Stored data >>

[Start of section]

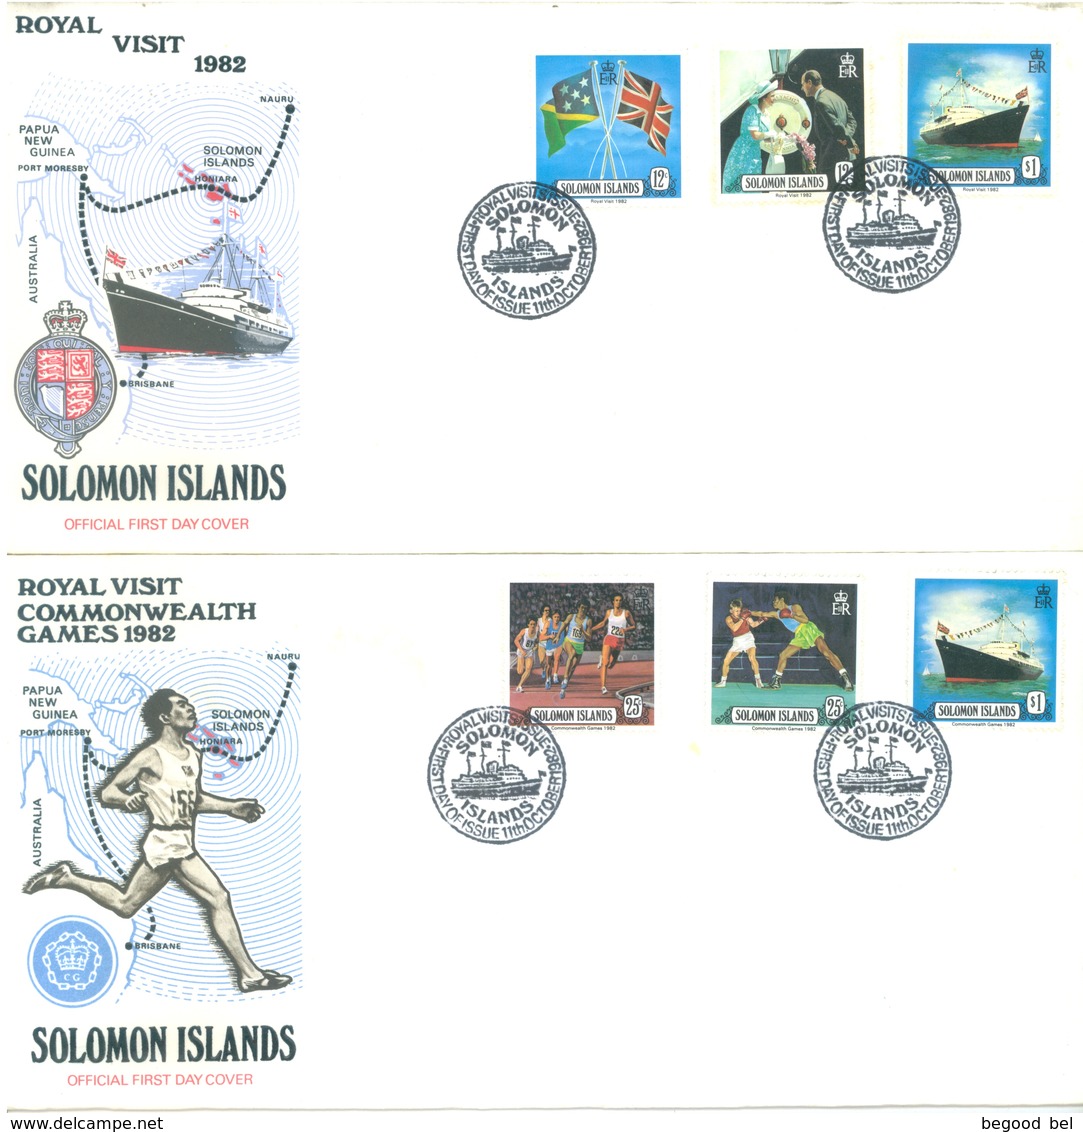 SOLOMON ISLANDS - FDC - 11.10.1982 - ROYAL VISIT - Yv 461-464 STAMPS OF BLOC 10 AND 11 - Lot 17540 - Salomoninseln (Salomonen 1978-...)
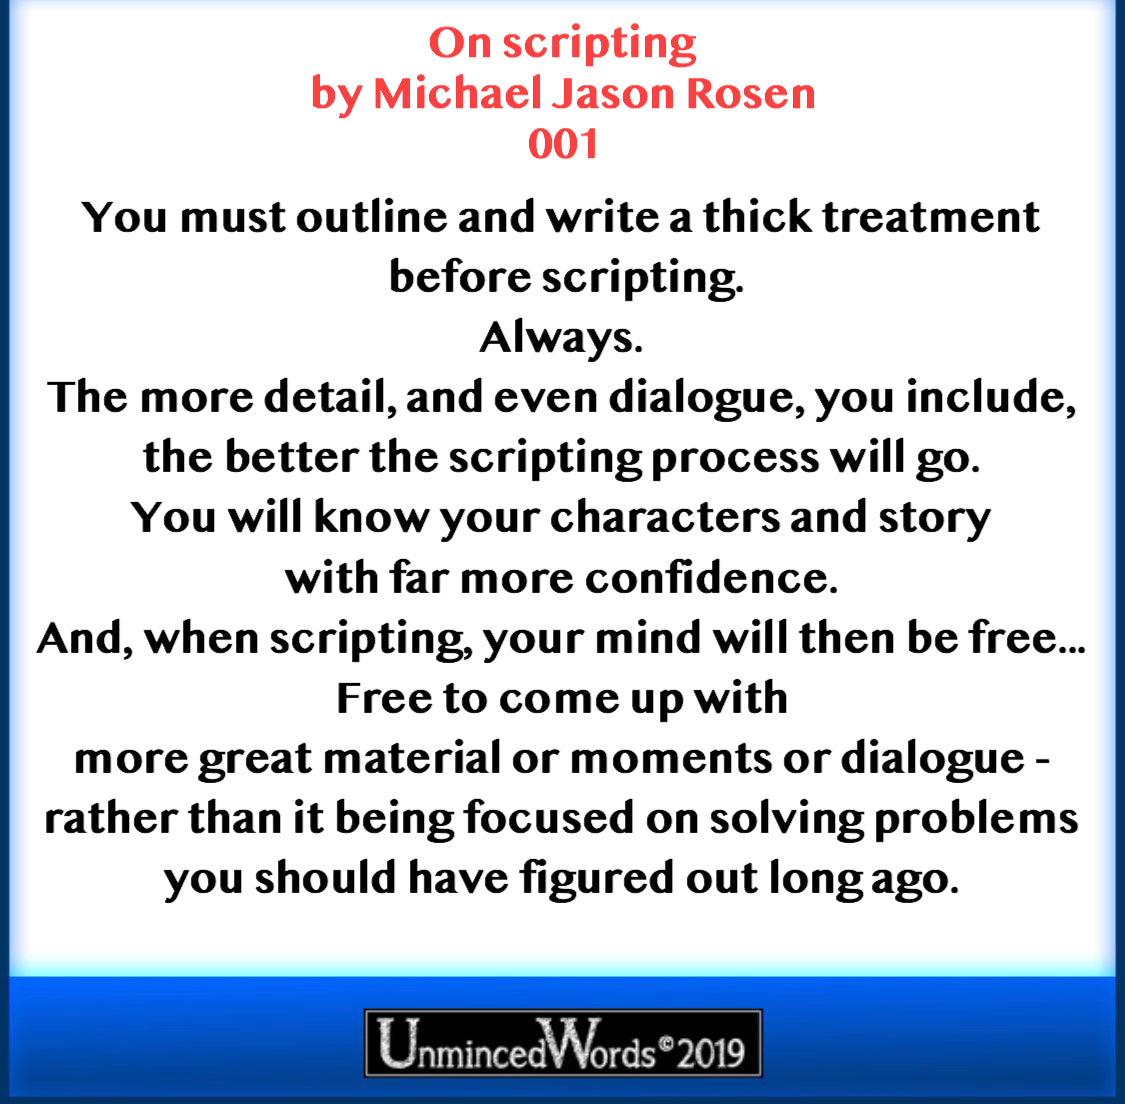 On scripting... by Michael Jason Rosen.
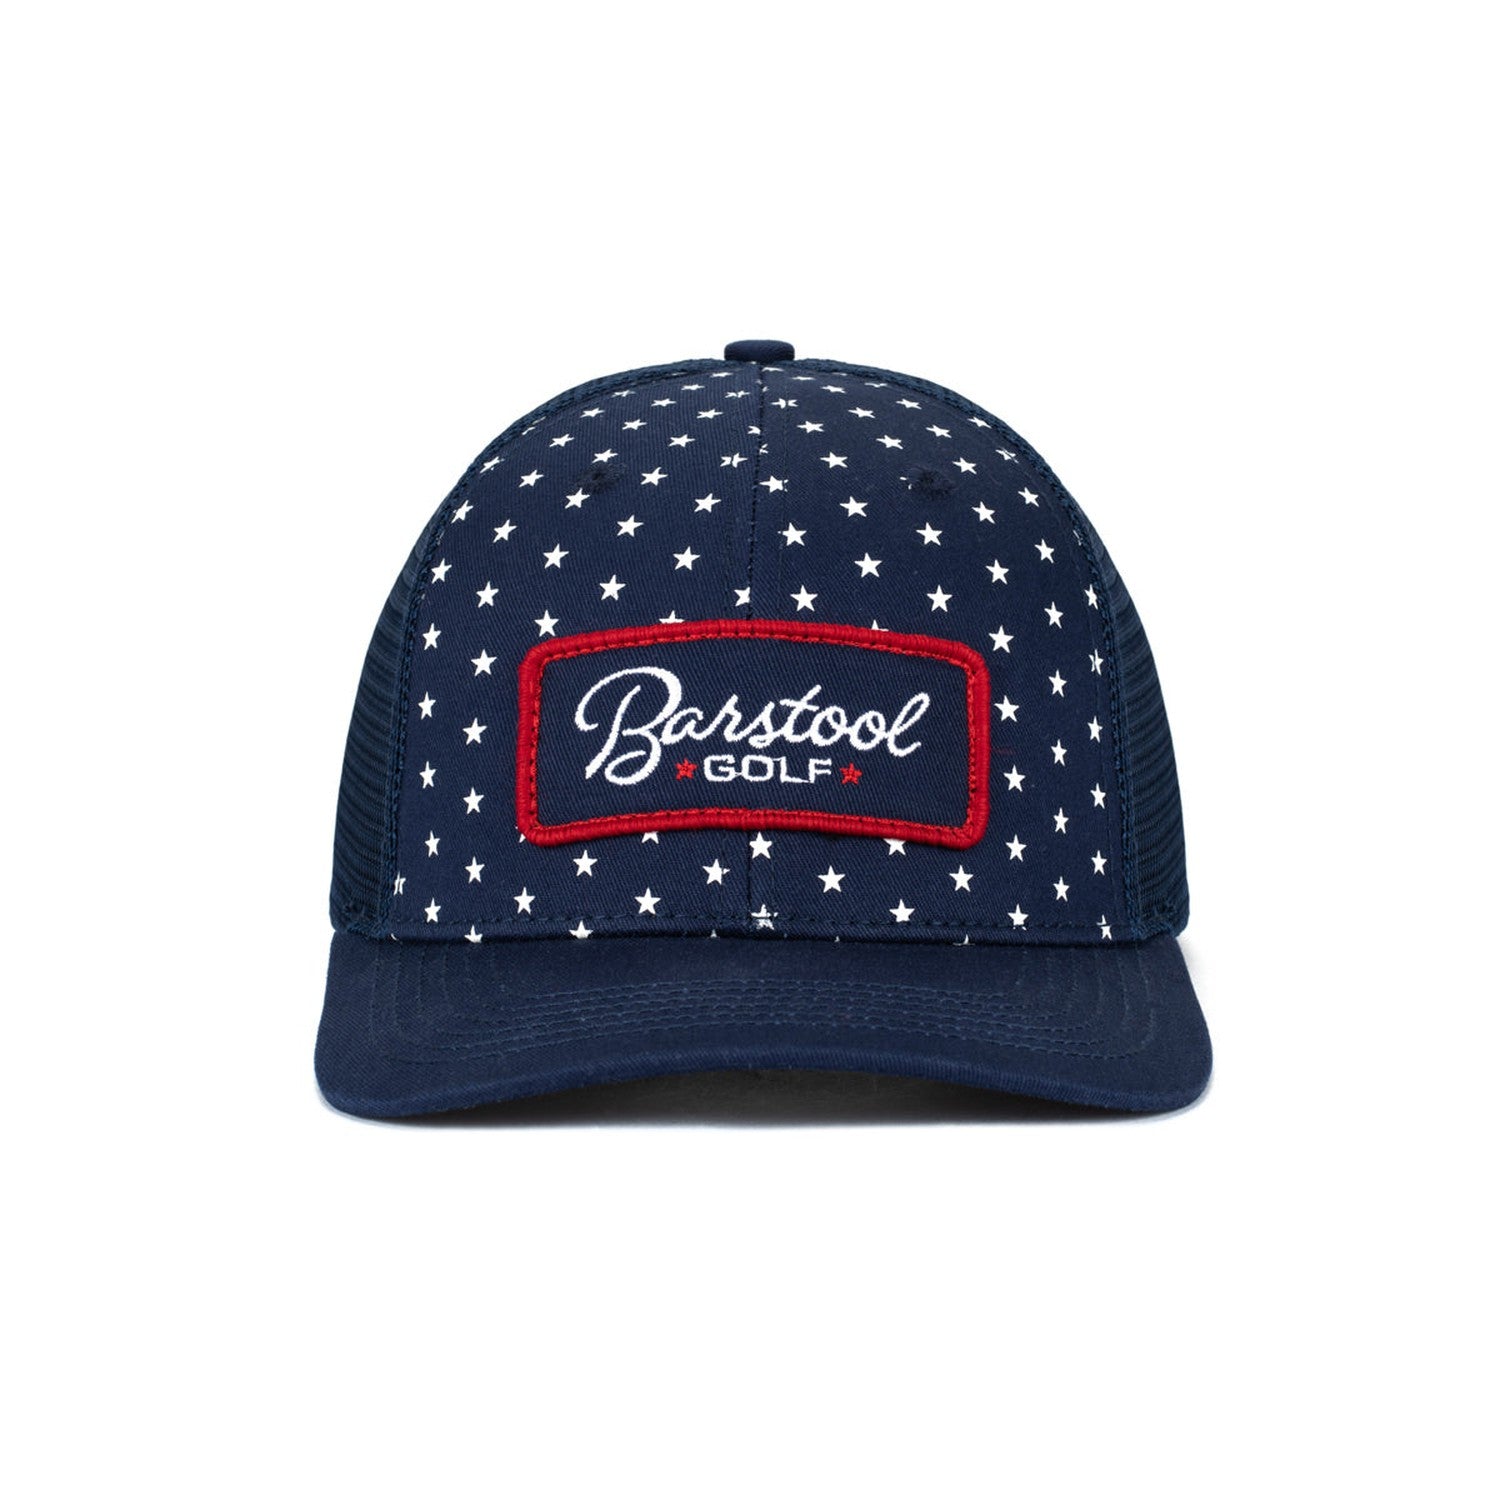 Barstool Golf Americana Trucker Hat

[End of section]

Reproduce verbatim every line starting at the line that holds "On scripting... by Michael Jason Rosen." and ending with the final line of the data; omit the pictures.

Task solution >>
 On scripting... by Michael Jason Rosen.
 Barstool Golf Americana Trucker Hat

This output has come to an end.